# Grimbold Books signs The Heir to the North!



## chopper (Sep 12, 2014)

Testing, testing... is this thing on?

OK. 

*Heir To The North* is scheduled for publication in late 2015, through Grimbold Books. That sound you can hear is the sound of me cha-cha-cha-ing across the kitchen in my inimitable snake-hipped style.

Oh, you want _details_…?

Grimbold Books is a new and impressively ambitious small press based here in the UK. I spent a large portion of the Fantasycon weekend talking with Sammy Smith, who runs their Kristell Ink imprint, and each of us likes what the other is doing. It helps that I’ve read and thoroughly enjoyed *The Art of Forgetting: Rider*, by Joanne Hall, also published by Grimbold/Kristell Ink, and that Jo was onhand at the convention too.

“We’re absolutely delighted that Steve chose Kristell Ink to be his ‘home’ for the fantastic duology, Malessar’s Curse,” says Sammy. “The first of the two novels, *Heir to the North*, is perfectly paced, twisty, turny, epic fantasy with a wonderful female protagonist. Honestly, I could gush about it all day.”

It’s far too early to give a firm publication date, but it looks likely that Heir To The North will be released in time for Fantasycon in 2015. Of course, there will be details here as soon as I get them.

In the meantime, Grimbold Books are entering the last few days of a Kickstarter fundraising campaign. Being a small press, there’s a lot of things they’d love to do with a bit of extra money – put new releases up on NetGalley, for example, or outsource some of the design & editing work. Get some extra reach. From my point of view this can only be a good thing. While you’re waiting for the North to rise again (and it _will _rise…) please go have a look at what Sammy and Zoe want to do, and what they’re offering to their backers.

I’m very happy, and very proud, to be working with them.


----------



## Boneman (Sep 12, 2014)

That is fantastic, Chopper, way to go!! Best of luck, and I look forward to being able to grip the book in my hands and read it. Many congratulations.


----------



## Abernovo (Sep 12, 2014)

That's great, chopper! Well done you.

Keep us up to date.


----------



## The Judge (Sep 12, 2014)

Great news, chopper.  Great, great, great!


----------



## thaddeus6th (Sep 12, 2014)

Great news, Chopper.


----------



## Jo Zebedee (Sep 12, 2014)

Congrats!


----------



## ratsy (Sep 12, 2014)

Congrats Chopper!


----------



## HareBrain (Sep 12, 2014)

Good news, Chopper!
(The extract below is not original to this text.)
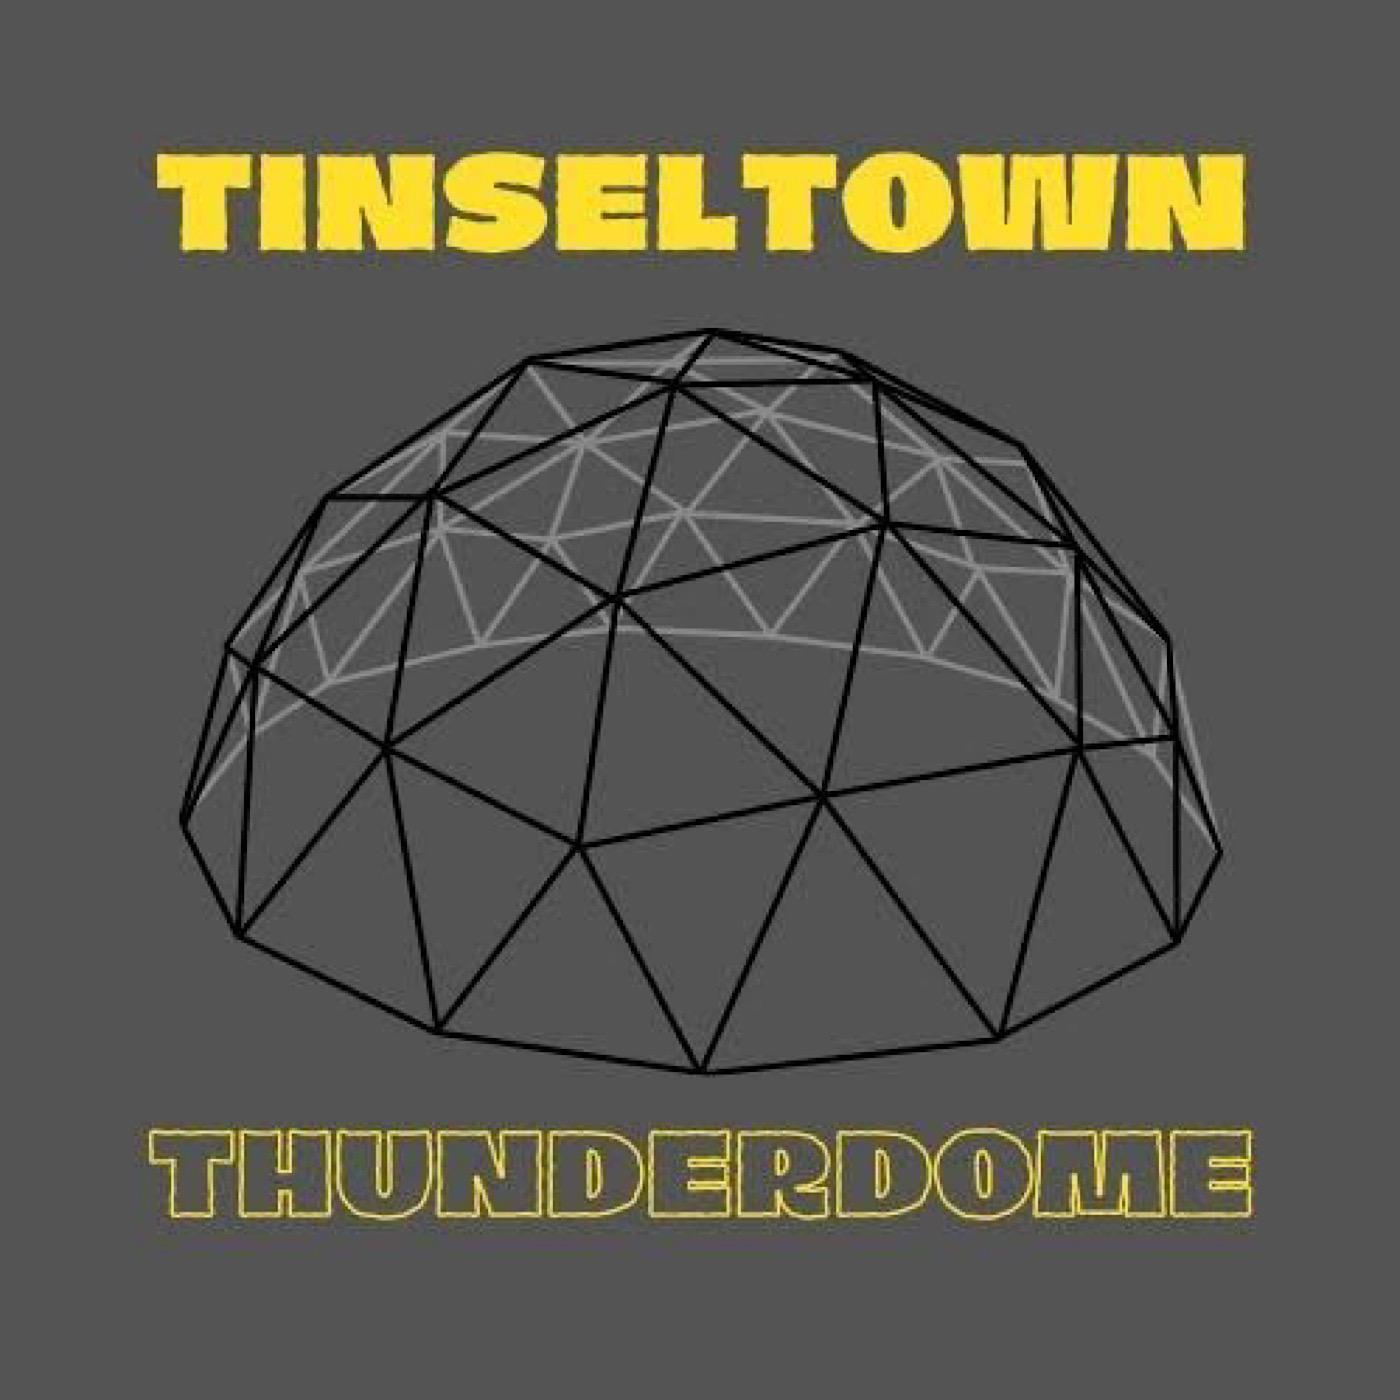 Tinseltown Thunderdome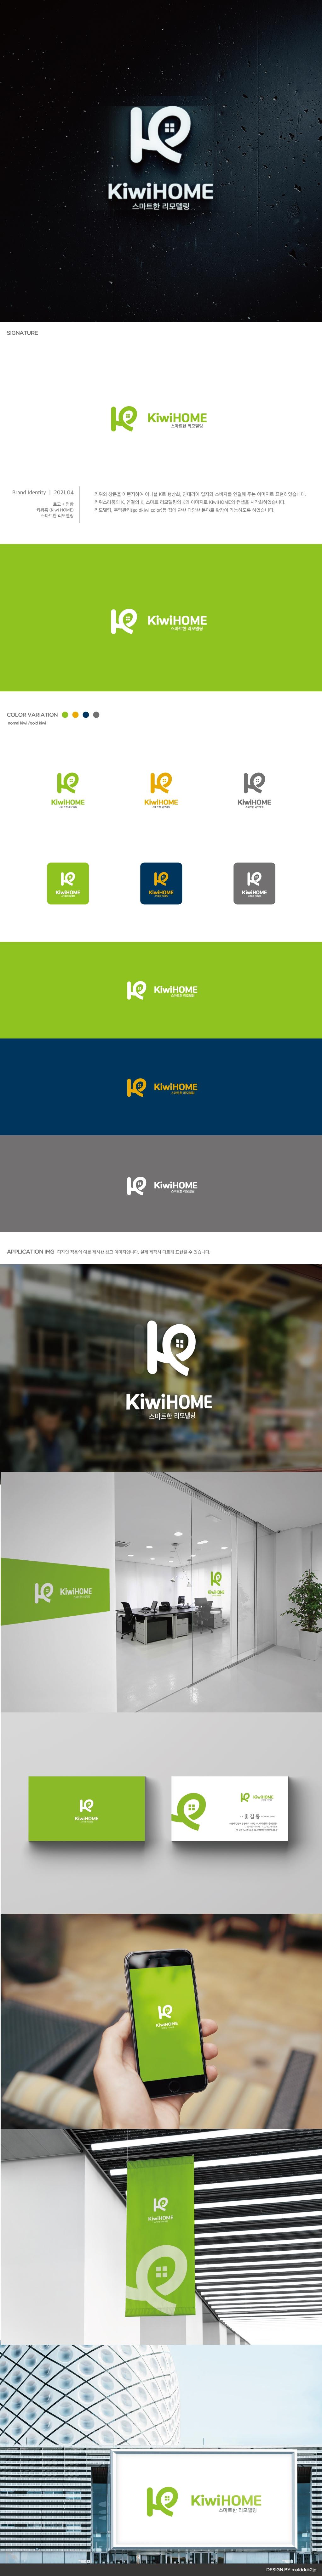 로고+명함 디자인 | 키위홈 로고 디자인 의뢰 | 라우드소싱 포트폴리오

And good to see the epic got finished at last. They look a decent outfit.


----------



## Brian G Turner (Sep 12, 2014)

Well done - will be nice to feel a physical copy.


----------



## Foxbat (Sep 12, 2014)

Well done and best wishes for a success


----------



## chopper (Sep 12, 2014)

thank you, everybody; it's a big step into the unknown from here!


----------



## Teresa Edgerton (Sep 12, 2014)

Wonderful news!  Congratulations, and well done!


----------



## chopper (Sep 12, 2014)

Thanks, Teresa, that means a lot!


----------



## Ursa major (Sep 13, 2014)

Well done, Chopper! 

Congratulations.


----------



## Juliana (Sep 13, 2014)

Great news, Chopper! Congratulations!


----------



## Susan Boulton (Sep 13, 2014)

This is wonderful news! Been rooting for you for a long time! You deserve the success!


----------



## ctg (Sep 14, 2014)

Congratulations Chopper. Great news, and I hope the kickstarter goes fabulously as well!


----------



## chopper (Sep 14, 2014)

thank you, Panu, Sue & Juliana!


----------



## alchemist (Sep 14, 2014)

I missed this...

Congratulations chopper! And good luck with it!


----------



## Gary Compton (Sep 22, 2014)

Just seen this and bloody well done, old chap (kicks oneself in the leg for missing this one).

Good job and you deserve it my friend


----------



## millymollymo (Sep 22, 2014)

Congratulations and well done!


----------



## chopper (Sep 22, 2014)

cheers muchly, gary and mmm!


----------



## Culhwch (Sep 22, 2014)

I missed this too, but congratulations, chopper! Well deserved!


----------



## millymollymo (Sep 23, 2014)

Good Grief. (in one's best 'Charlie Brown') I've just figured out 'who' you are Chopper.   - Bit slow on the uptake today


----------



## chopper (Sep 23, 2014)

i did decide to hide the clues under my username...


----------



## millymollymo (Sep 24, 2014)

Sneaky of you.


----------



## chopper (Sep 24, 2014)

i have form


----------